We have come alongside mentoring others who are looking to do the same, and these are the principles we share with them.

Here are the things we did to become debt free, and you can do them, too!

(this post may contain affiliate links. If you make a purchase, I may receive a small commission at no cost to you)

First, realize that becoming debt free it isn’t easy

From the day we walked down the aisle nearly 20 years ago, my husband and I were both committed to carrying minimal debt. Our finances have always been something that we have managed very carefully and with a fine tooth comb.

Everyone’s financial income and expenses, needs, struggles, desires, and plans all look different. But, these are the 18 things we did to accomplish being out of debt before we were 42. Our goal was 40, but 41 is still something we can be proud of.

Here are the things we did to become debt free:

1. From the get go, we made financial goals, both long term and short term, and we never lost sight of them

We adjusted as things came, but the overall goal of getting out of debt as soon as we could never wavered.

2. We made a budget – and then – we lived by it

Again, we adjusted this as needed, but we had a budget on paper that we were both in agreement with.

3. We paid ourselves first with every paycheck as in putting money into savings

We had a long term savings for things like a down payment on a house. And, we also had a short term savings for things like a new freezer. But we paid ourselves first just like any other bill.

4. We tithed

I wish I could say that we never stopped tithing, but in all honesty fear got the best of us at times as things were so very, very hard for a time. However, for most of our married lives we tithed, first, even before paying ourselves.

5. No matter how small, other than maybe a pop or something like that, we discussed purchases

Every purchase is at least discussed on a small scale. For example, my husband doesn’t really get involved in what curriculums we use for homeschooling, but I will tell him that I need to purchase something and how much it costs for his approval.

6. We were serious about being frugal

We usedmany of the tips I talk about in 10 Money Saving Tips,Make It, Make Do,or Do Without, 15 Essential Grocery Tips That Feed OurFamily of 8 for Only $250 a Month,and 15 Frugal Tips for Feeding a Large Familythroughout our entire married lives.My husband complains about the heat only being set to just above 60 degrees all winter long. But, he does enjoy the savings that doing so creates.

7. For those super small purchases, like a pop for my husband at work, we have allowances

Mine generally gets saved and then spent on larger items like a book. This means that if the allowance is gone before the week is over, we simply go without whatever it is.

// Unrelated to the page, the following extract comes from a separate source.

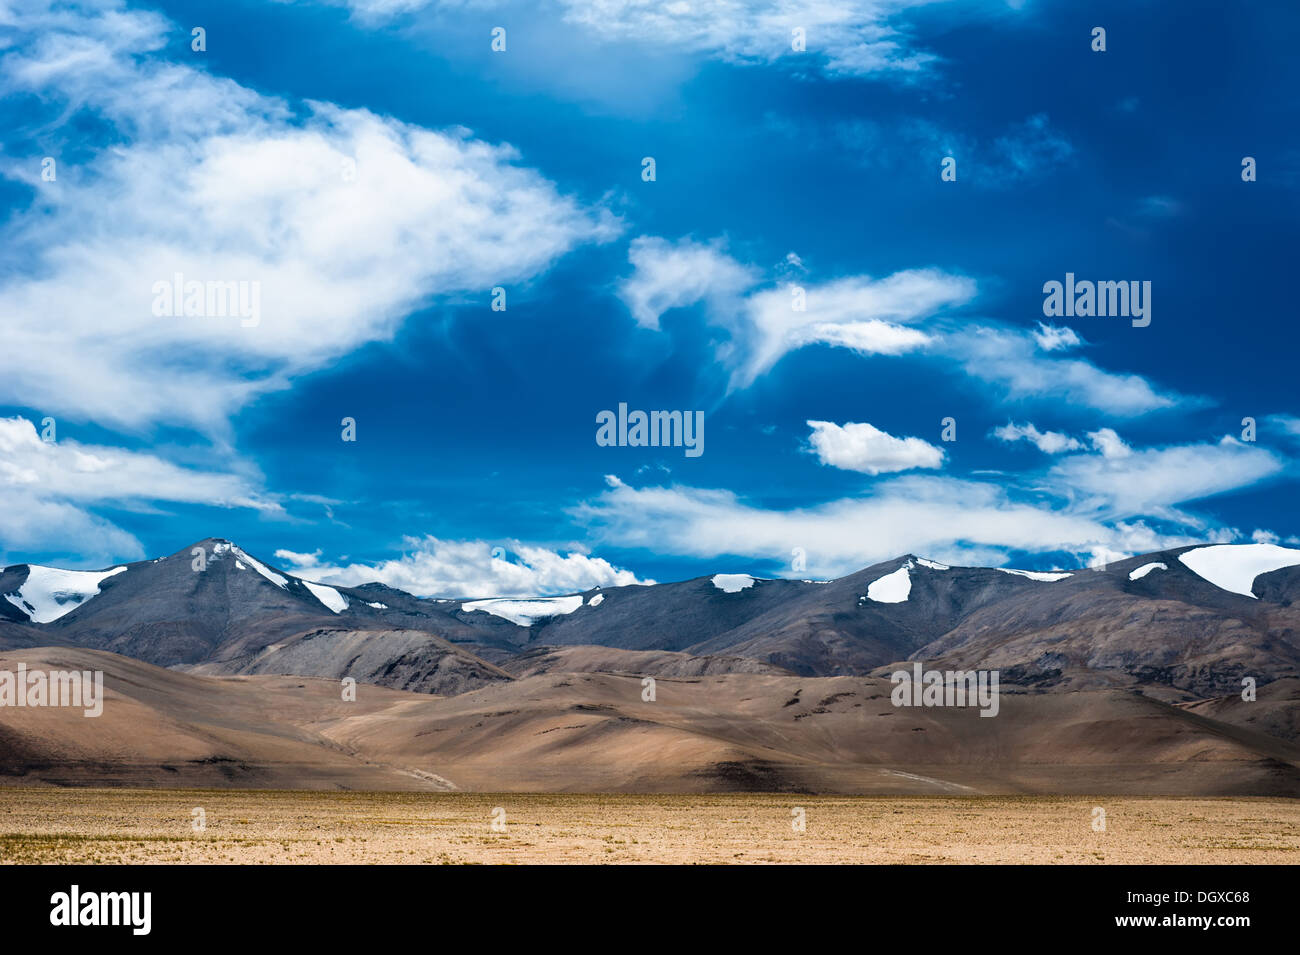 Himalaya Hochgebirge Landschaft Panorama mit blauen Wolkenhimmel. Indien, Ladakh, in der Nähe von salt Lake Tso Kar, 4600 m Höhe Stockfoto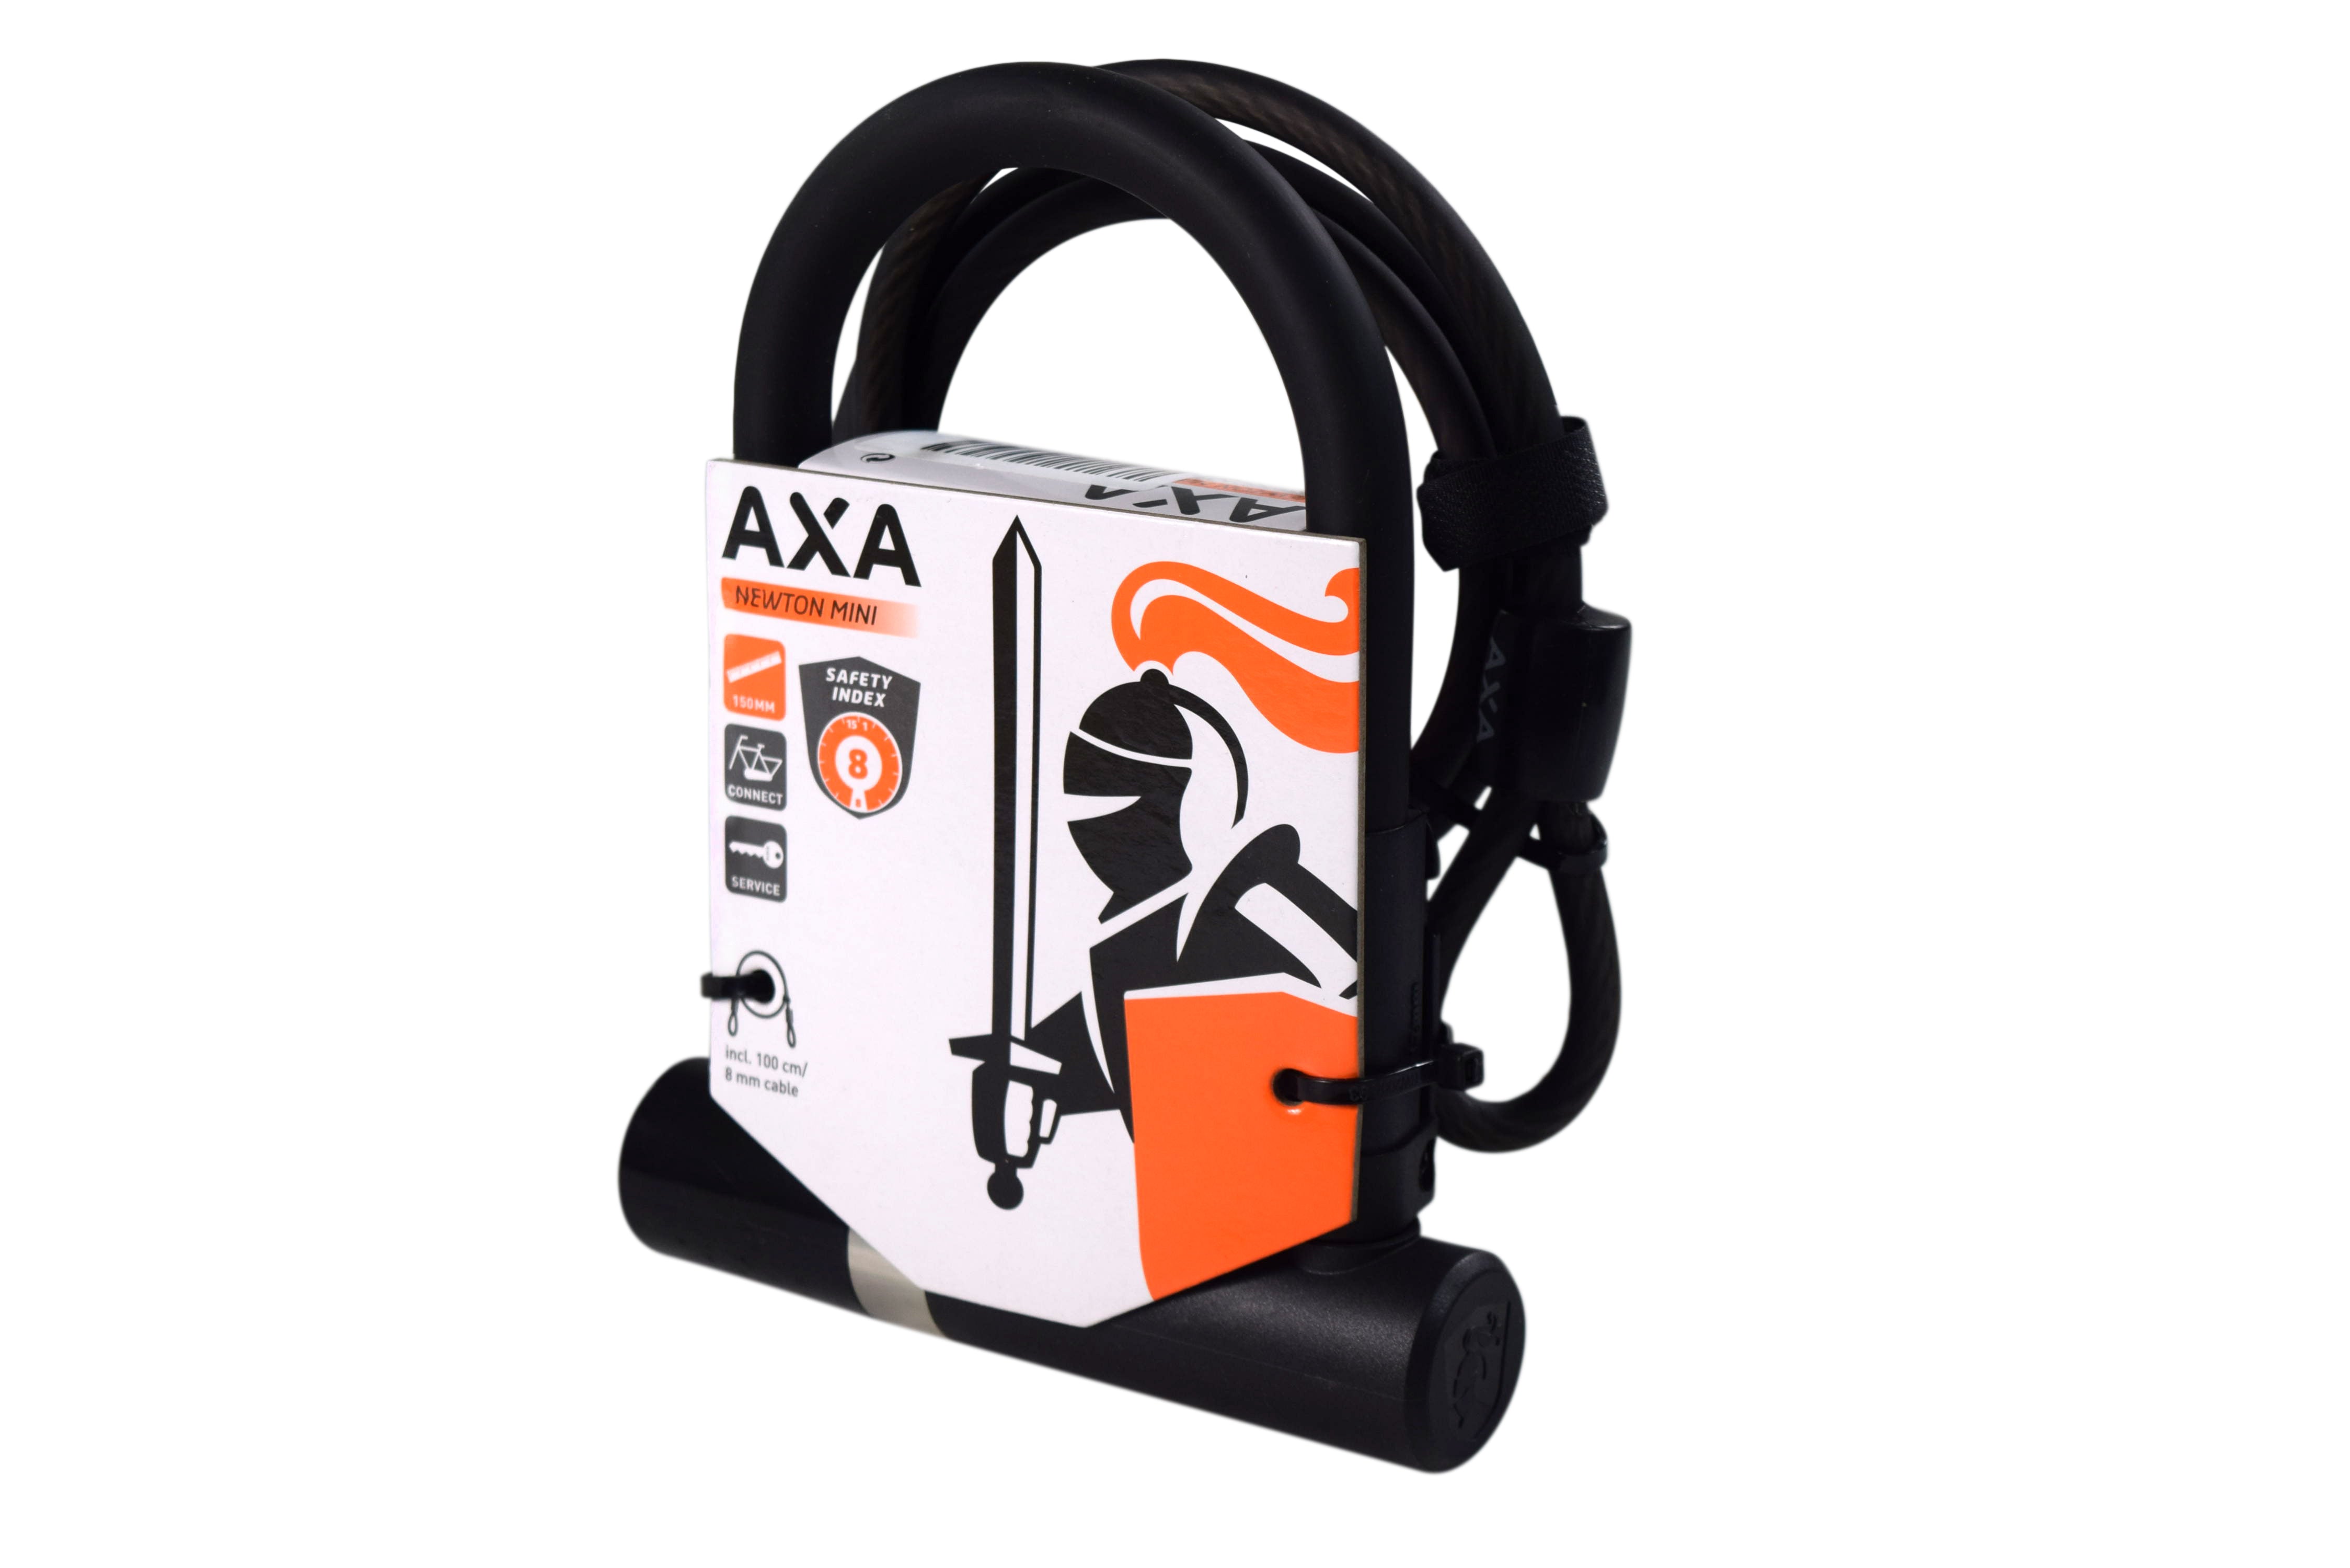 AXA-005155-Newton-Mini-Cable-100-8-image-2

8. We lived within our means – all.the.time.

Never once did we splurge on something that would set us behind. That’s not to say that we never gave in to our “wants” but our wants were planned and budgeted for…and then we paid cash for them.

9. We said NO to a lot of things

In fact, we still say no to a lot of things. A lot of things. Let me illustrate exactly what that means, we spent a few years living just above the poverty line with three and then four kids. Yep, we said no to a lot whether it was dinner or drinks out with friends, a family vacation, or a Christmas tree when we had no money. We just said no.Before you think this is easy for usme read this post over at Money Saving Mom called How a Yearly Facebook Hiatus Help Me Maintain Frugality. It’s not easy at times. At times, it stinks. Big time stinks. But, being focused on the end goal like a laser beam will keep you on the path.

10. We worked hard, and we still do

Both my husband and I work long days, we work long weeks, we work weekends, we work holidays, we work at the drop of a hat, and we do the things no one else wants to do. We have both pulled 24 hour days for work, more than once, and we do our jobs to the best of our abilities.

11. Even when we both worked full time, we lived on one income

We knew I would be cutting way back once we had kids, but we also wanted to plan for the “what if.” No matter if one of us lost our income, we would be ok if we were used to only surviving on one income.

12. We paid cash for everything

Now, we do use credit cards in order to get cash back or air miles, but if the cash isn’t there to cover the purchase, we don’t buy it. Period. And the credit card gets paid off in full every month.

13. In 20 years, we have never once paid interest on anything aside from our mortgage

Not one penny.

14. Several years ago, we got serious about building up a fully funded emergency fund

This has carried us through hard times. My husband made a living in retail sales for several years, and for many of those we both worked strictly on commission in our jobs. An emergency fund is essential in jobs like this when nothing is guaranteed. Just within the past six months, we have had rather larger medical expenses come up when my son needed to have extensive testing done after suffering a seizure. You can read more about that in Love. Here’s Why, and although I hated writing the check to cover all of these bills, it was a painless, stressless check to write because we had an emergency fund in place for this very sort of thing.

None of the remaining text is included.